True, this listing refers to work done in Mexico. Tar Heads, or Cabezas de Chapapote, is in the Mexican Years work, but shown in the Maine Years as the Medium Sal-Zar™ has made it possible for me to do this work.
Sal-Zar, the Mixed Media Medium™, is the key to doing this body of work. I have placed the images and text describing this process in the Maine Years so it will not be missed by anyone, who might not click on the Mexican Years.
Around 1999, a friend mentioned that she knew a Mexican artist who was doing some work using chapapote (tar). This interested me and I started experimenting with tar. I saw immediately that using the traditional mixture used by Mexican workers on tile floors in Mexico would not be satisfactory. It tended to lump. For several years I worked on adding resin to the tar mixture and applying this to the tile floors in our home in San Miguel. This mixture of traditional chapapote for floors and my Sal-Zar Medium™ made it possible for mop and water and soaps to be applied to the floor and for the chapapote to still adhere to the floor for a long period of time. The Sal-Zar™ enabled the chapapote to be semi-permanent. Water did not penetrate the admixture I had prepared for our floors.
I decided that this type of mix could be used on paper too. This led me to the Tar Head series of 1999 and following years.

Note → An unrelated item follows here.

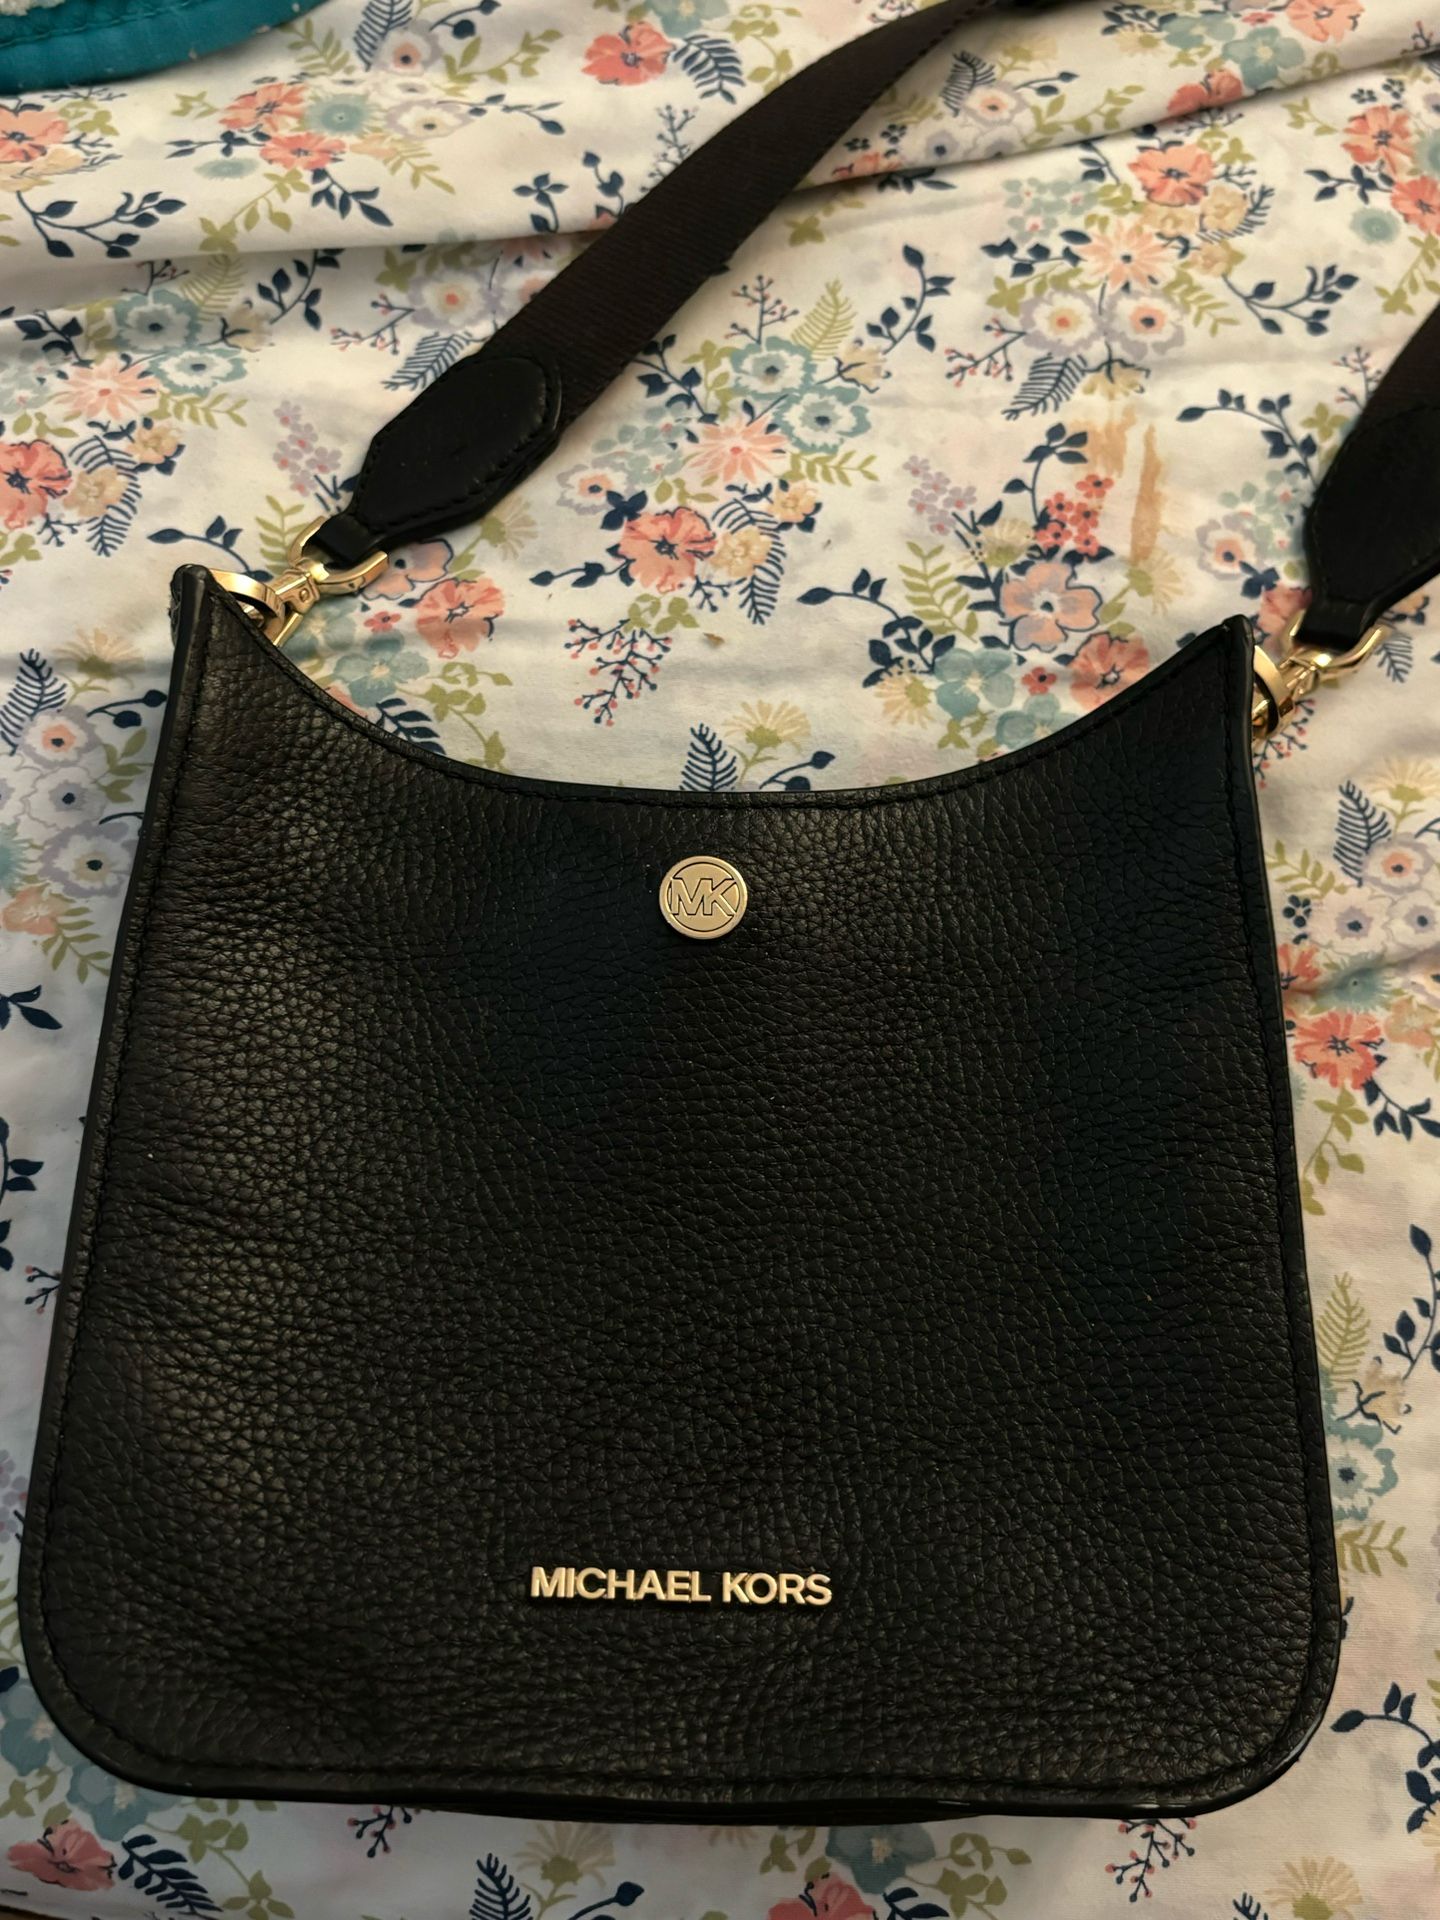 Micheal Kors Bag

In 2002 in A Signature Year 2002 and the Convergence Series I concluded that I had developed a strikingly new way of applying a medium and that the nature of the chapaopte with Sal-Zar was ideal for the images I was then doing. As I could use oil pastels and graphite and spray enamels in the medium I was then on the road to creating a distinctive method of application that resulted in what I found to be striking new images on paper.
Some of the work done in 1999 and 2001 are shown here, as they suggest the achievement I have been able to have using chapapote in Sal-Zar.